Although the road is narrow up to this point, the surface is great. Once you take the turn towards Kalasa, the road quality is very average, to say the least. This road till about Samse (a few kms before Kalasa) is very average and broken at many places. We took the turn and started traversing the road towards the abandoned town which is about 17 kms from the turn off. It took us a good 35-40 minutes to cover this distance but some of the views while driving on this road are breathtaking. We didn’t get down to take pictures because – one, it’s a wildlife sanctuary and getting down is not the right thing to do, two, the road was pretty deserted and didn’t feel comfortable getting down on a deserted road.

After navigating the road, we were at the entrance of the abandoned town. The entrance is marked by two earth mover tyres placed in the middle of the road and a huge KIOCL logo opposite to it. This picture is taken with our backs to the abandoned town and the road in the picture goes to the now locked and abandoned factory where the mined ore was processed.

The visit to this place was special because it brought back so many memories from 30 years ago when I was there with my parents (I had just finished my 7th Standard) as my Dad was invited to the Kendriya Vidayalaya (KV) there for some lectures for students of higher classes and even some teacher orientation. It was a flourishing and bustling township back then. I have vivid memories of the place.

The KV is now abandoned and this is how it looks now

As we drove further into the town, we came across this huge circle named Nehru Circle

This was one of the main junctions where there was a recreation hall (We had watched the Movie Saajan here during our visit), a hospital and a bus stand.

The abandoned recreation hall

The abandoned hospital

As we went further inside, we came across the Sahyadri Bahavan, the erstwhile guest house of the company.
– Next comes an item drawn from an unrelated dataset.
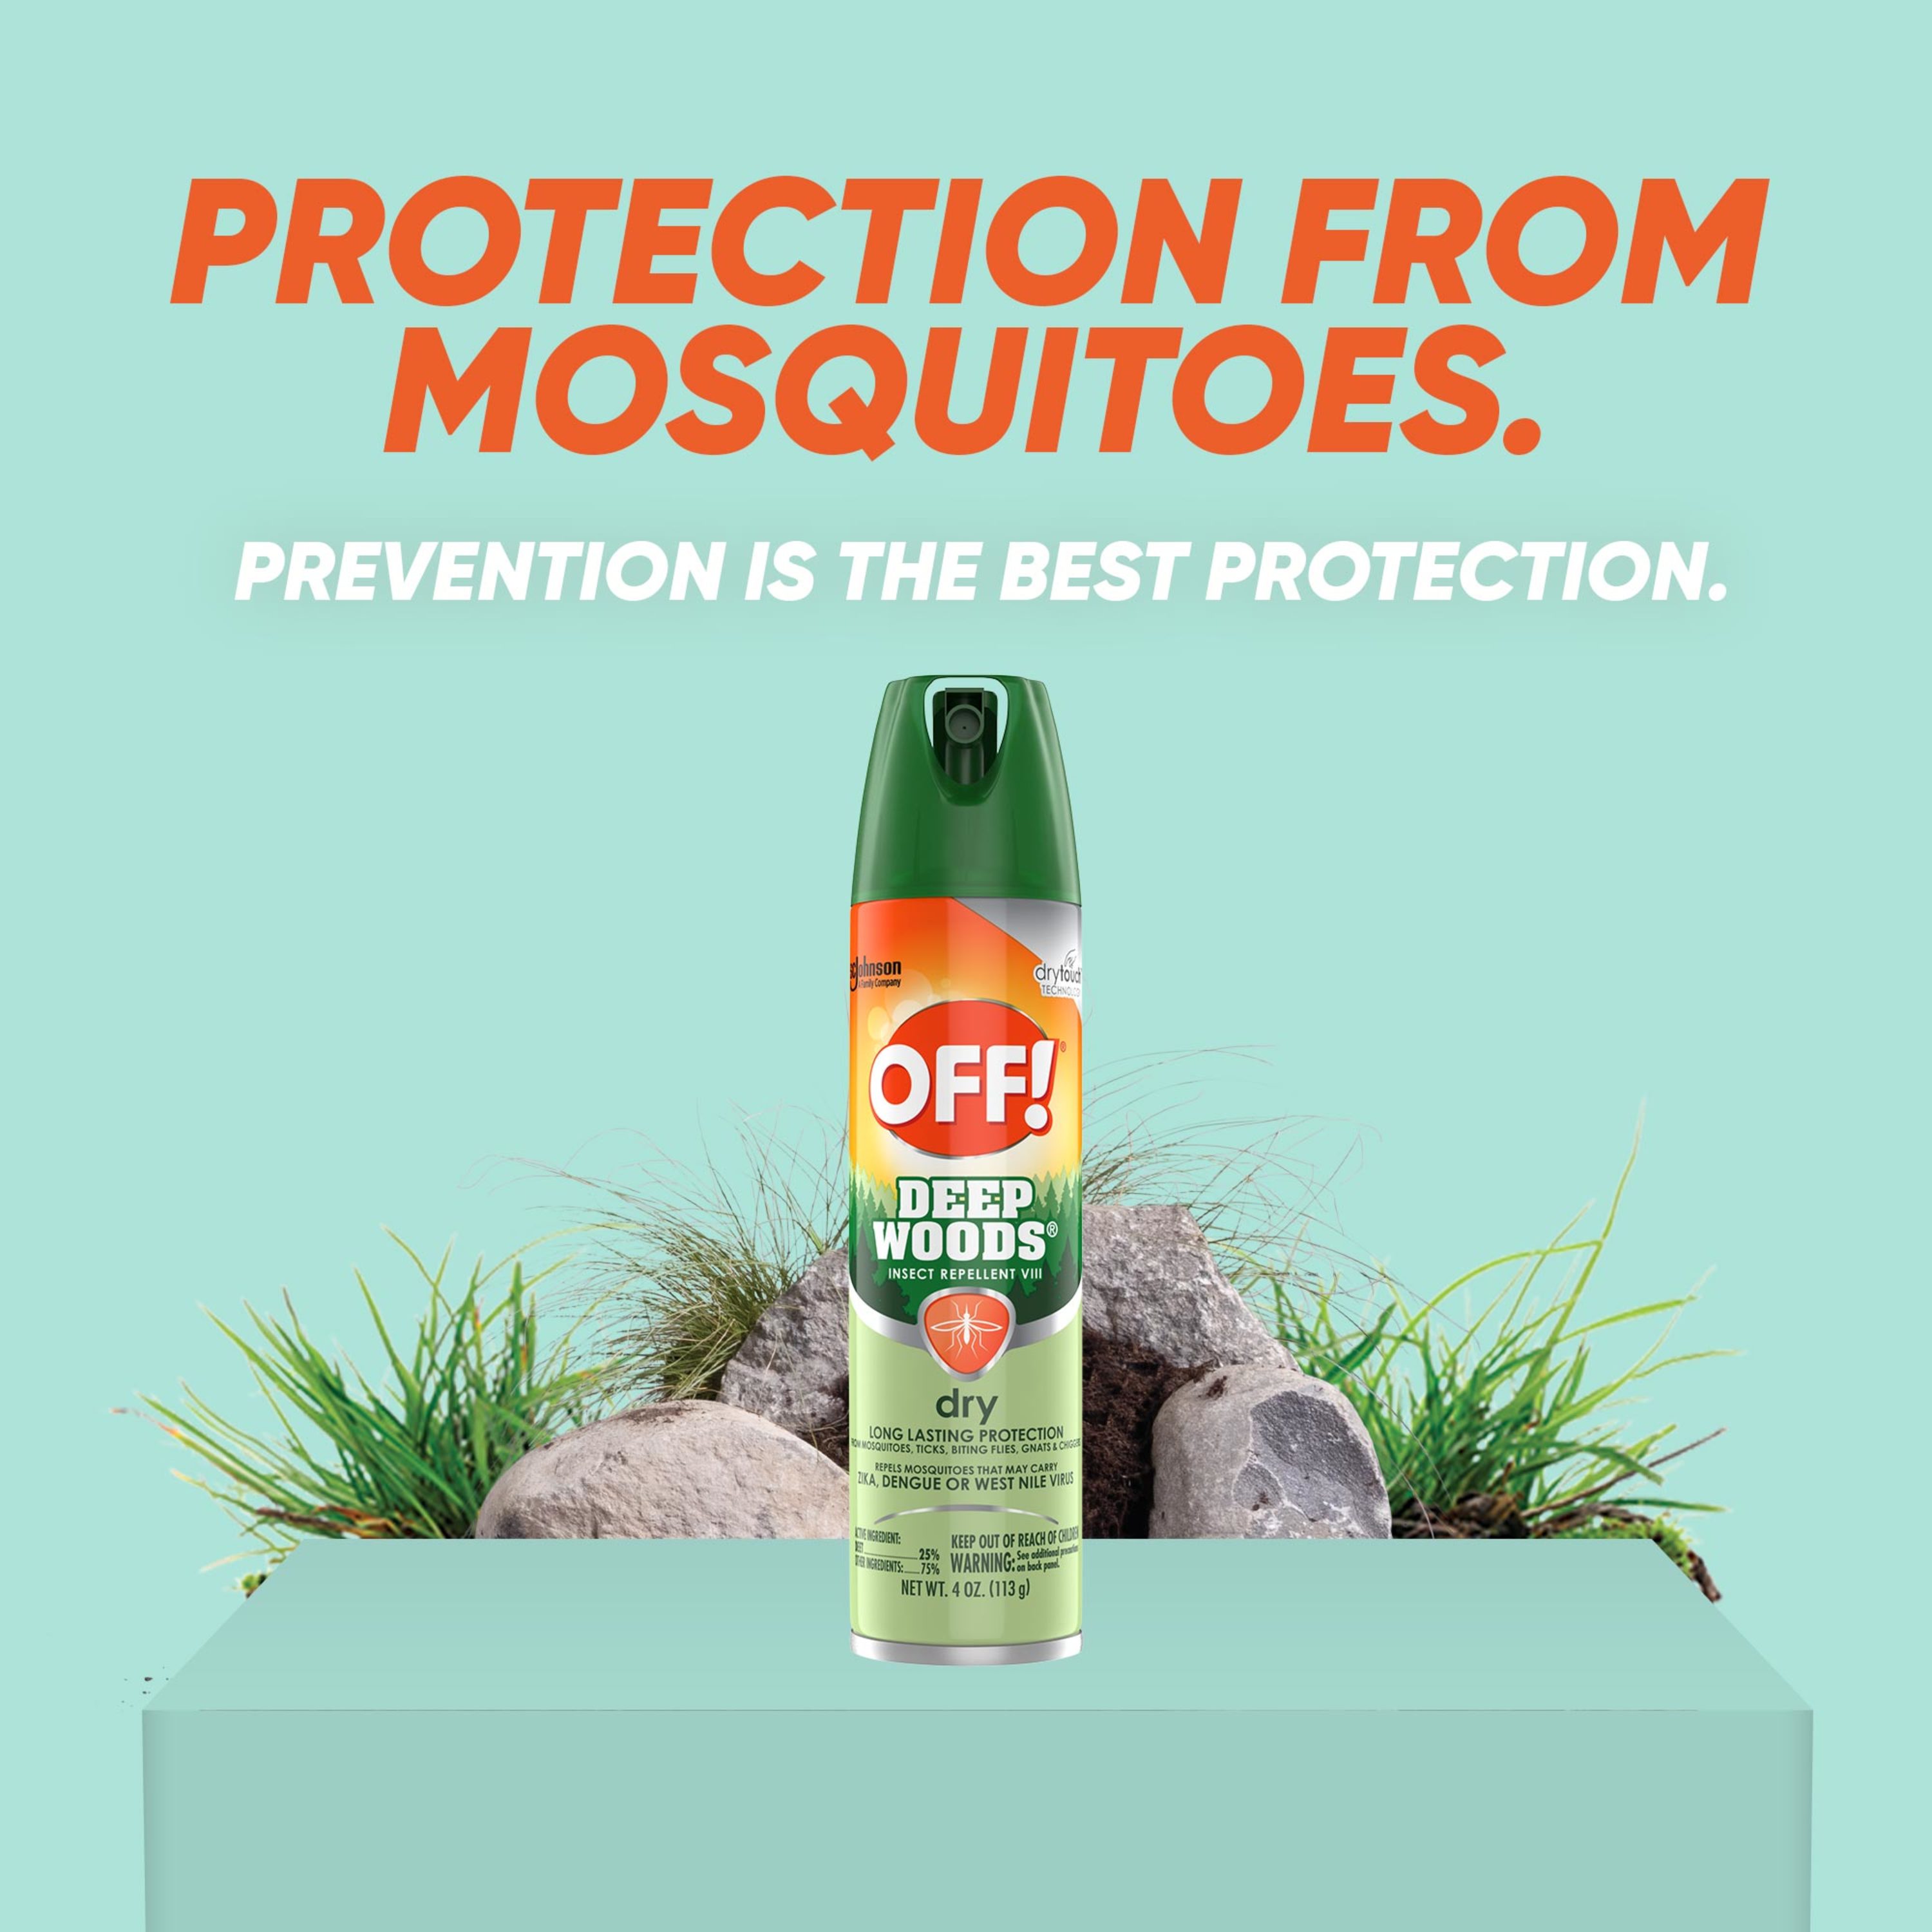 OFF! Deep Woods Non-Greasy Mosquito Repellent Dry Bug Spray with DEET, 4 oz, 2 Count - image 3 of 16

It’s where we had stayed during our visit and memories came flooding back. While my dad went to the school for the orientation program, I and a few other kids (children of others who were here for teaching) had a gala time swimming in the huge pool behind the guest house and having sumptuous food served here. Picture of the guest house which was closed that day.

Finally a picture of yours truly in front of the guest house with my ride.

There were not many people around that day, saw a few people from the forest department working in a field nearby. A few people at a place of worship. There is a government school building at the entry of the abandoned town which was closed that day as it was a Sunday.

We eventually left the place with a heavy heart after seeing the once bustling town in shambles and nature gradually gobbling it up. I guess the mining operations were detrimental to the environment and they had to be closed. But still feels sad to see a place in ruins, especially if you have visited it when it was at its peak.